* **MATERIAL SUPPLIED**
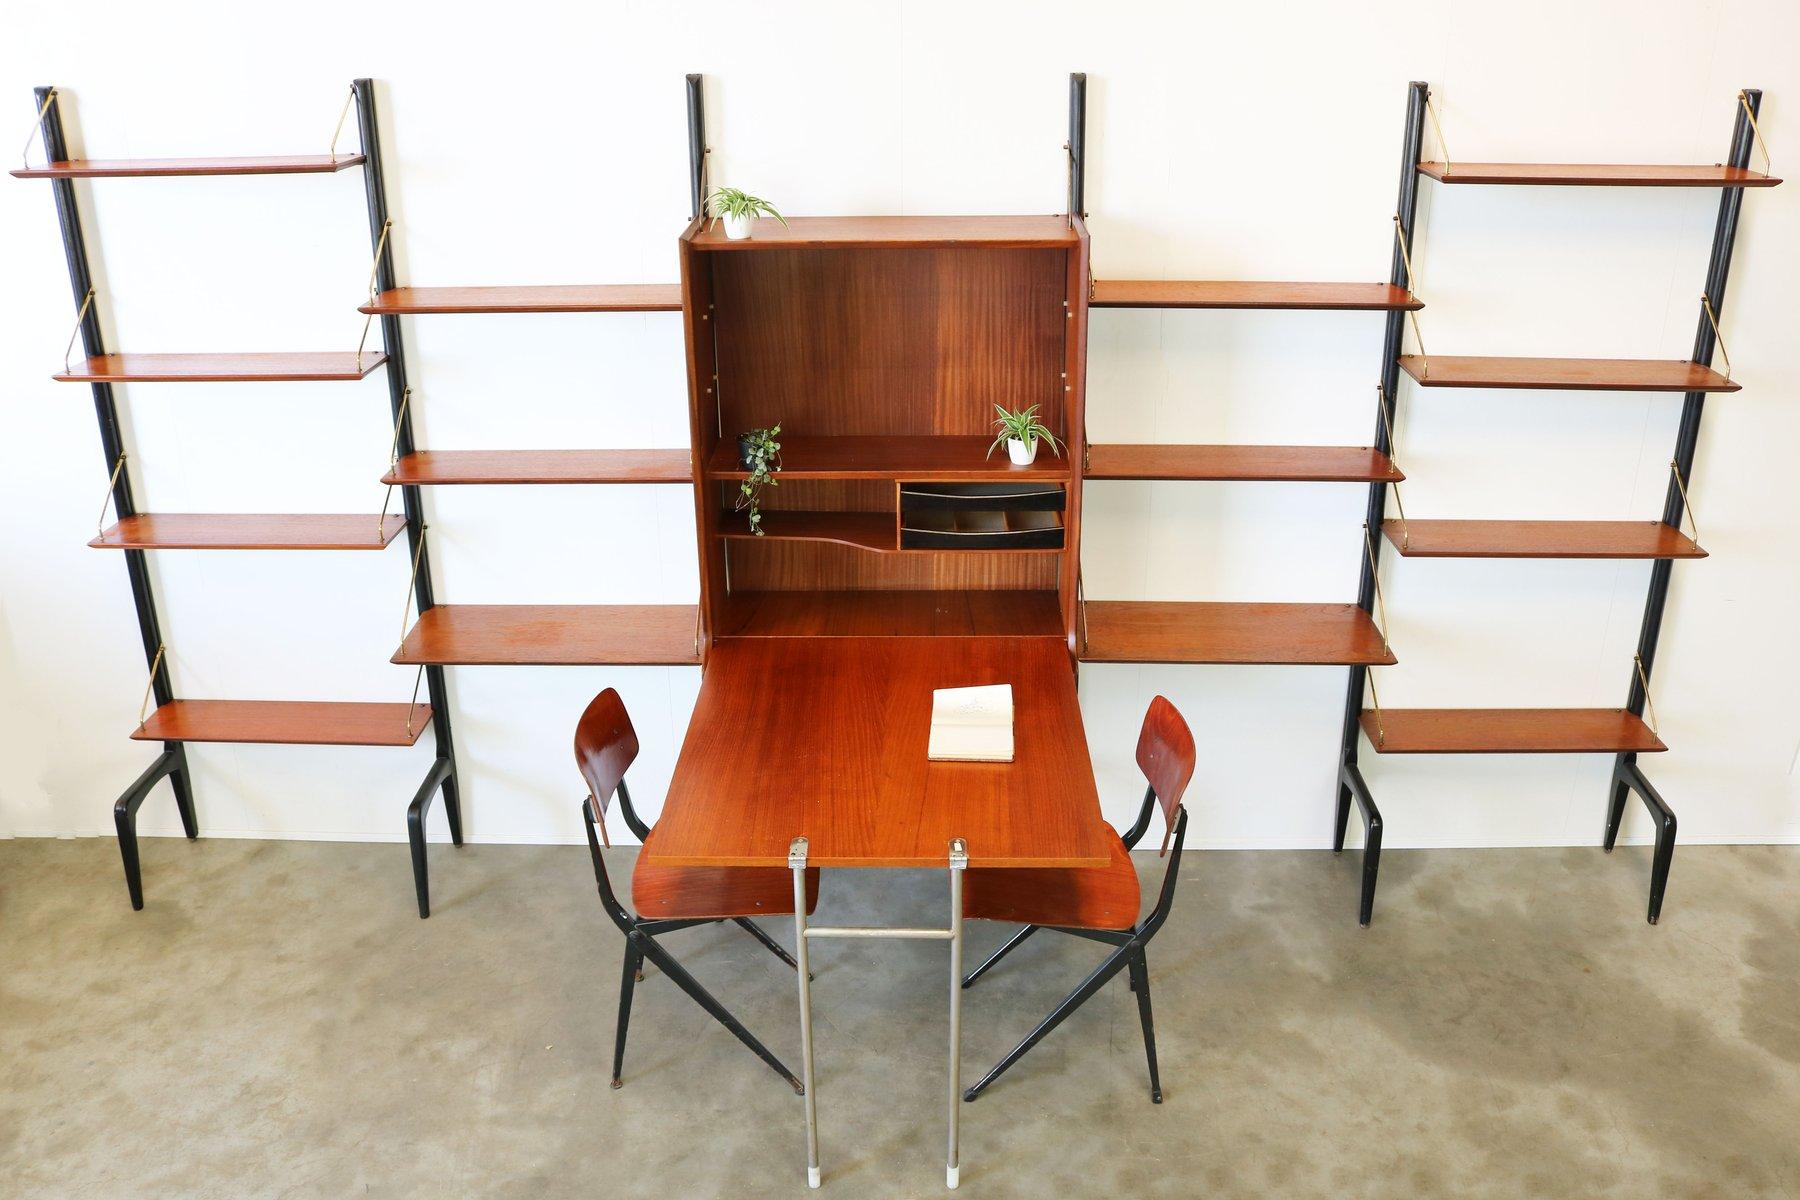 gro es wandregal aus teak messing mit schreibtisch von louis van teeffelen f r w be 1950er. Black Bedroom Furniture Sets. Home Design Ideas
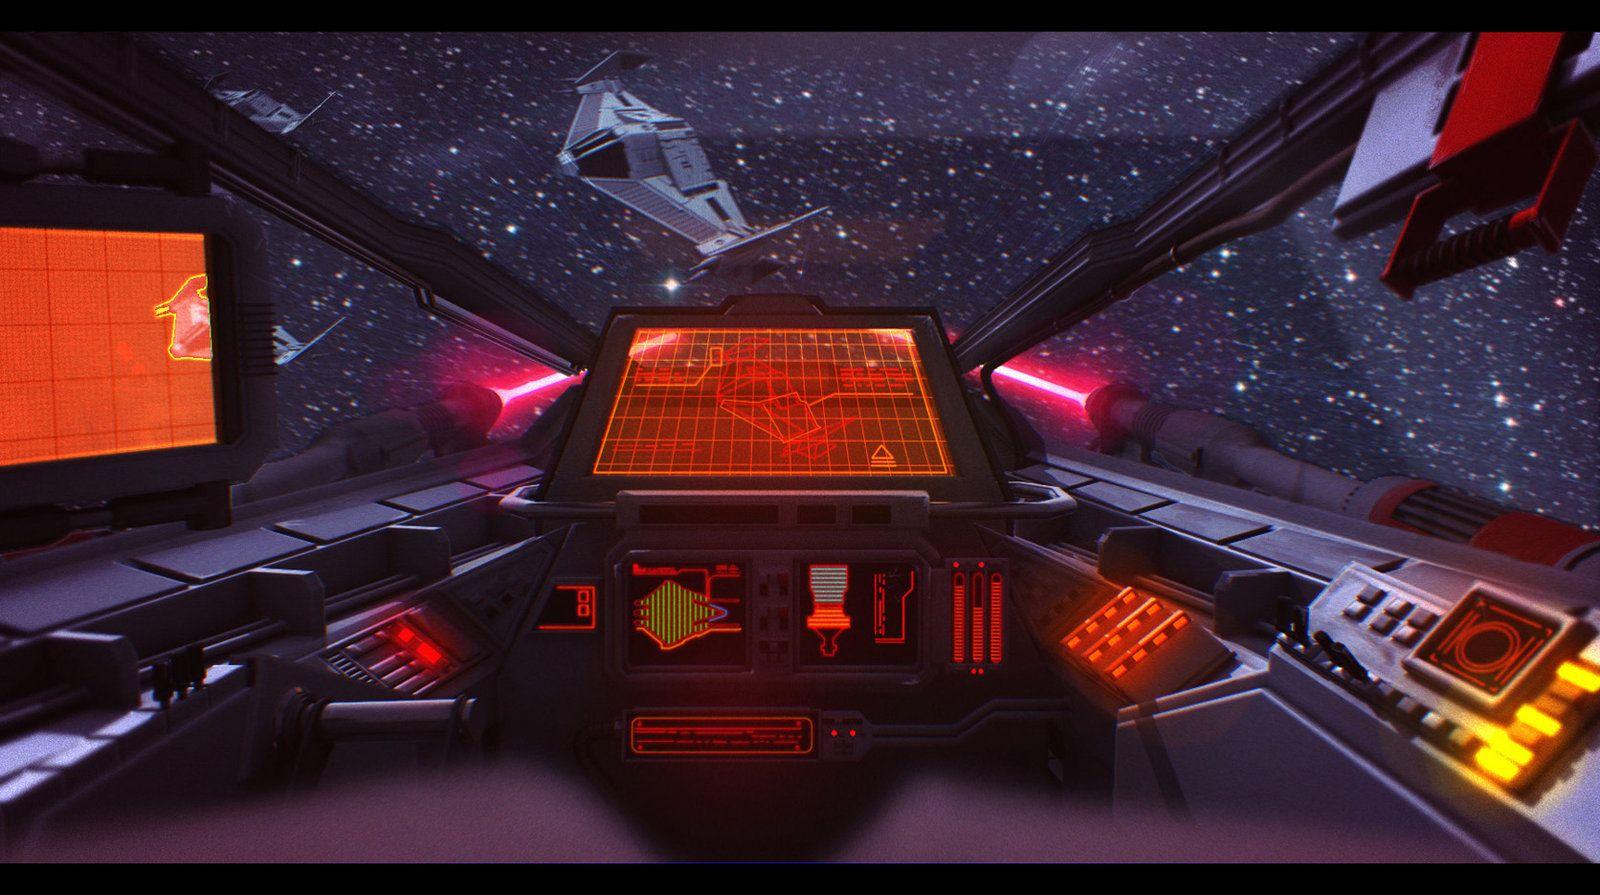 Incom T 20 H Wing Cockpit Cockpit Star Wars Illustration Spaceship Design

...

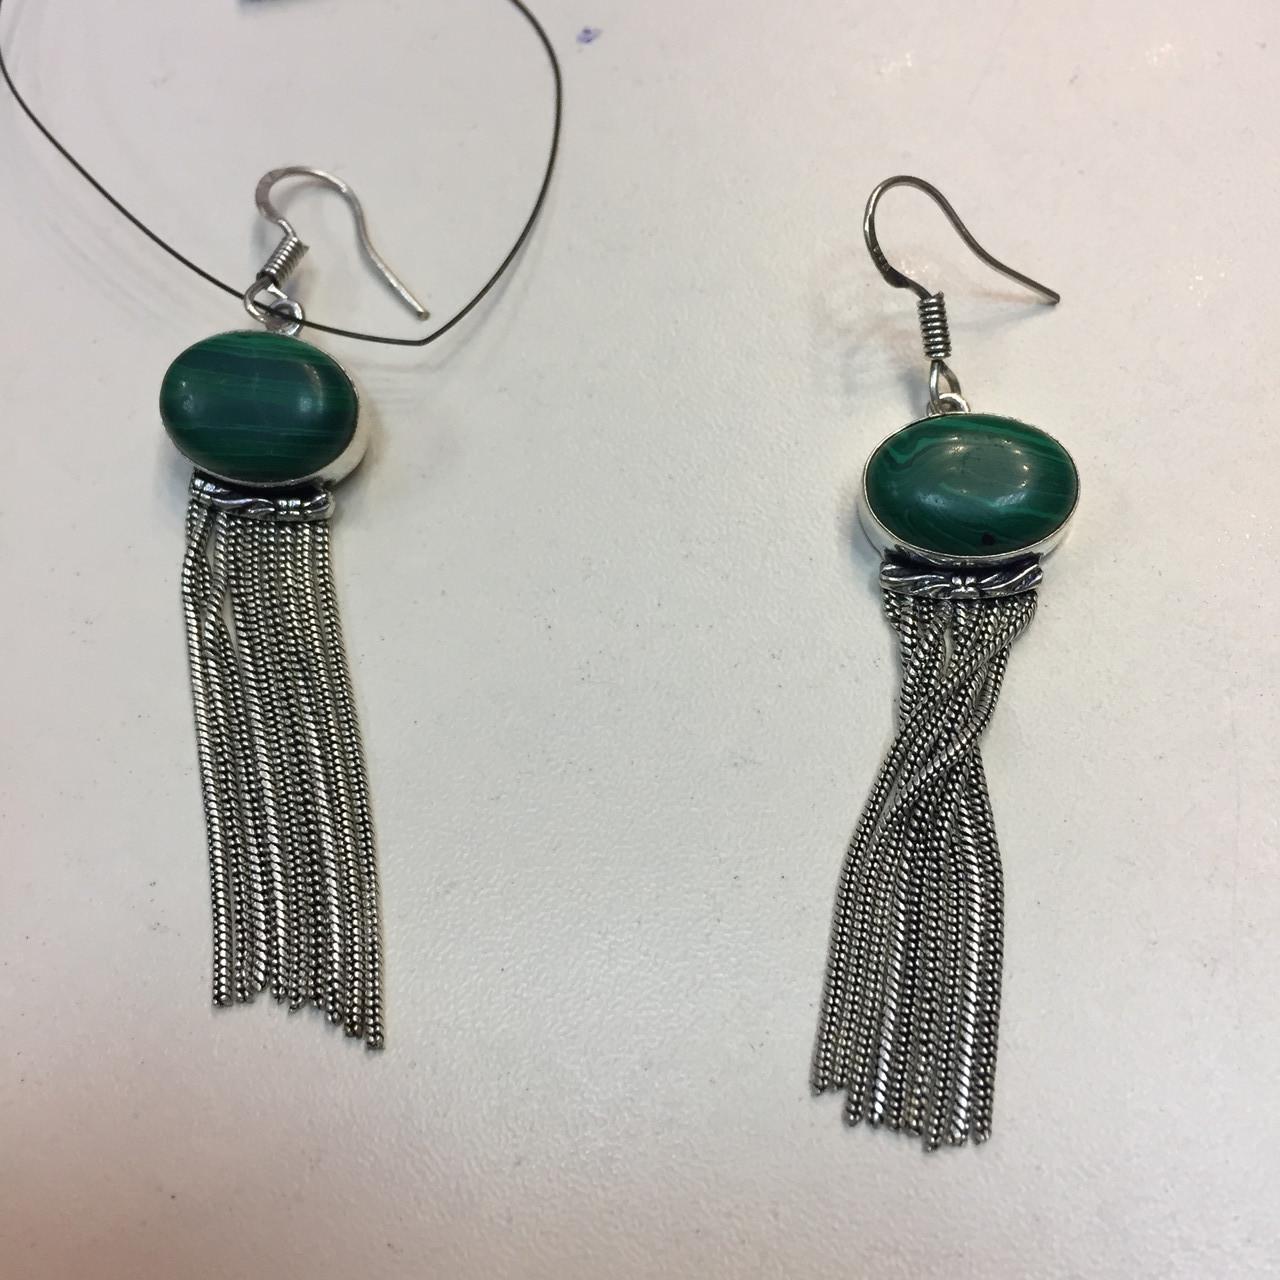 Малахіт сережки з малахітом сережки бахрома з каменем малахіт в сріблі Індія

* **EXERCISE**
Above are some records; quote exactly and only the lines that begin at the line containing "gro es wandregal" and stop after the line containing "Incom T 20 H", leaving out the pictures.

* **TASK ANSWER**
 gro es wandregal aus teak messing mit schreibtisch von louis van teeffelen f r w be 1950er. Black Bedroom Furniture Sets. Home Design Ideas
 Incom T 20 H Wing Cockpit Cockpit Star Wars Illustration Spaceship Design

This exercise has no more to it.